Friday, December 1, 2017

Advent in and out of Time




Advent in and out of Time
Fr. Tony’s Letter to the Trinitarians
December 2017

“Christ yesterday and today,
the beginning and the end,
Alpha and Omega,
all time belongs to him.”
--The Blessing on the Paschal Candle
during the Great Vigil of Easter

“As it was in the beginning, is now, and ever shall be…”
--The Glory to the Father at the end of
Psalmody in the Daily Office

The Christian observance of Advent to prepare for Christmas dates back to the late fourth century.  The word comes from the Latin word adventus that in the Vulgate translation of the Bible refers to the arrival or coming of the Son of God, whether in the flesh (the Incarnation) or at the end of time (the so-called “second coming” or Parousia).   From the beginning the season was seen as a preparation, whether for Christmas or for the Second Coming.

Saint Hilary of Poitiers (AD 300-368) refers obliquely to a time of preparation before observing the mid-winter celebration of our Lord’s birth and appearing. In AD 380, the Council of Saragossa decreed that starting December 17, in the 21 days before Epiphany or Theophany (January 6), everyone needed to go to Church daily.  Saint Gregory of Tours (AD 490) ruled that monks under his leadership “should observe fasting every day during the month of December, up to Christmas Day.”
Within 100 years several local councils of the Church specified dates for penance and fasting for preparing for Christmas by clergy and laity.  Advent seems to have started as a time of penance before Christmas that mirrored the 40 day Lenten Fast before Easter.  By the mid 6th century, the Roman Church had formalized the practice, originally a 6 week fast that soon was shortened to four weeks by pope Gregory the Great (AD 590-604).

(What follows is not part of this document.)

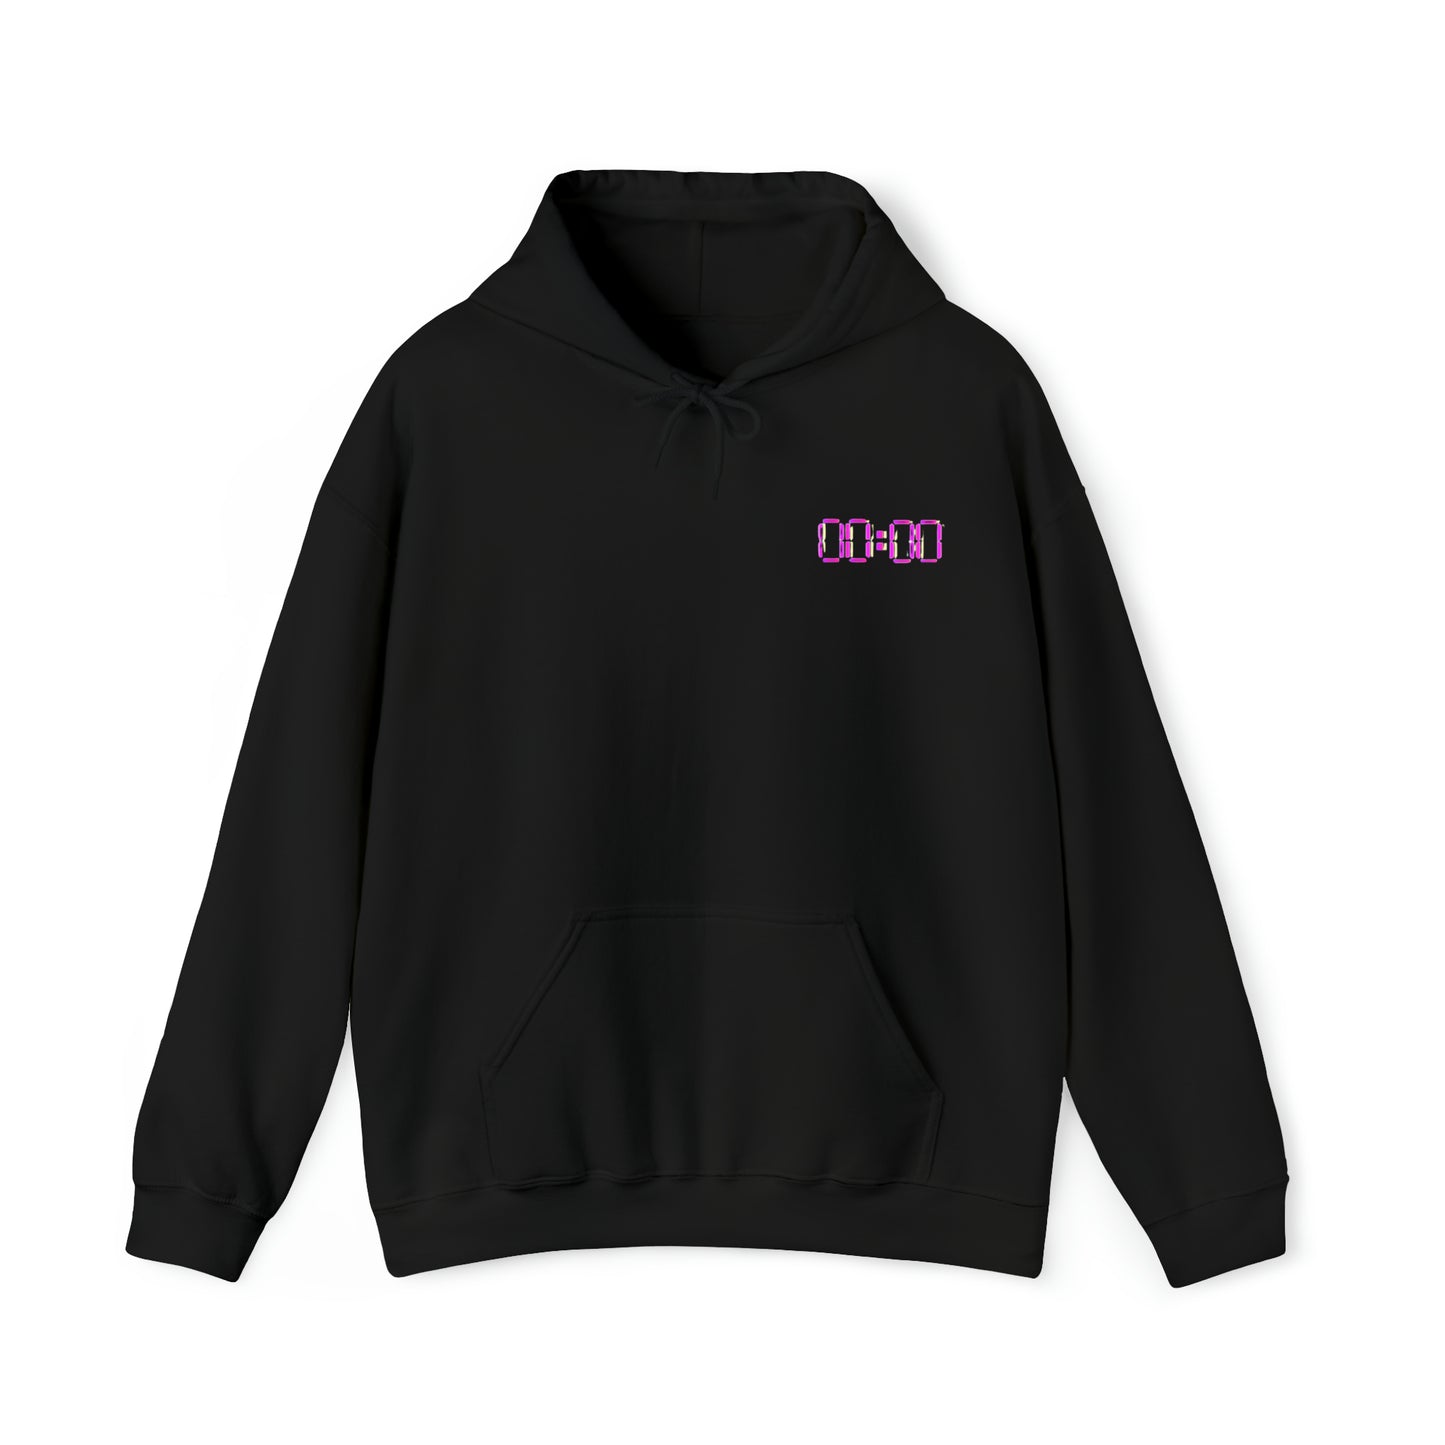 Zero O'clock pullover hoodie 00:00

Today, “preparing for the coming of Christ” in Advent has three different focal points:  Jesus’ birth in Palestine (past), Jesus coming to the heart of the individual believer (present), and Jesus coming in glory at the end of time (future).   These different frames are reflected in our carols and hymns: “On Jordan’s bank the Baptist’s cry announces that the Lord is nigh,” “Lo! The Lamb, so long expected, comes with pardon down from heaven, let us haste, with tears of sorrow, one and all to be forgiven.  So when next he comes in glory and the world is wrapped in fear, may he with his mercy shield us, and with words of love draw near,” and “Lo! He comes with clouds descending, once for our salvation slain… Christ the Lord returns to reign.”  

Such conflation of past, present, and future is not simply an accident of liturgy and calendar.  It actually reflects profound theology—both sacramental and of the nature of God.   When we say, “we believe in one God, creator of heaven and the earth,” we are asserting that this creator is not part of creation, and stands apart in some ways from space and time.  All things and all times are eternally present before the creator.  That’s what “eternal” means:  not a time line without ends, but rather outside of any specific time line, and present in all.  It’s what makes prophecy as prediction possible without compromising human free will:  God observes all and is in all.   It’s why we say in the Creed that the Son of God is eternally begotten of the Father, and why we say that Christ is made present to us on the cross, and in risen glory, in the Holy Eucharist.  This truth is what the blessing on the Paschal Candle and the Glory to the Father at the end of Daily Office psalms seek to express:  all time is present to Christ, the beginning and the end.   In our participation in Christ, we participate in all time.    Thus Advent is a mixed season, and not as wholly penitential as Lent.  It why we rejoice as we await the Lord’s coming.